== Segment start ==
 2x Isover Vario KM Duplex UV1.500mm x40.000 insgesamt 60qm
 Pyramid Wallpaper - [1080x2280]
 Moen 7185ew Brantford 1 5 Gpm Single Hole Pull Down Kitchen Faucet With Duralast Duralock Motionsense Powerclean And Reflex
== Segment end ==
→ WHAT THE TASK REQUIRES
Word for word, output all of the material.

→ EXPECTED ANSWER
 2x Isover Vario KM Duplex UV1.500mm x40.000 insgesamt 60qm
 Pyramid Wallpaper - [1080x2280]
 Moen 7185ew Brantford 1 5 Gpm Single Hole Pull Down Kitchen Faucet With Duralast Duralock Motionsense Powerclean And Reflex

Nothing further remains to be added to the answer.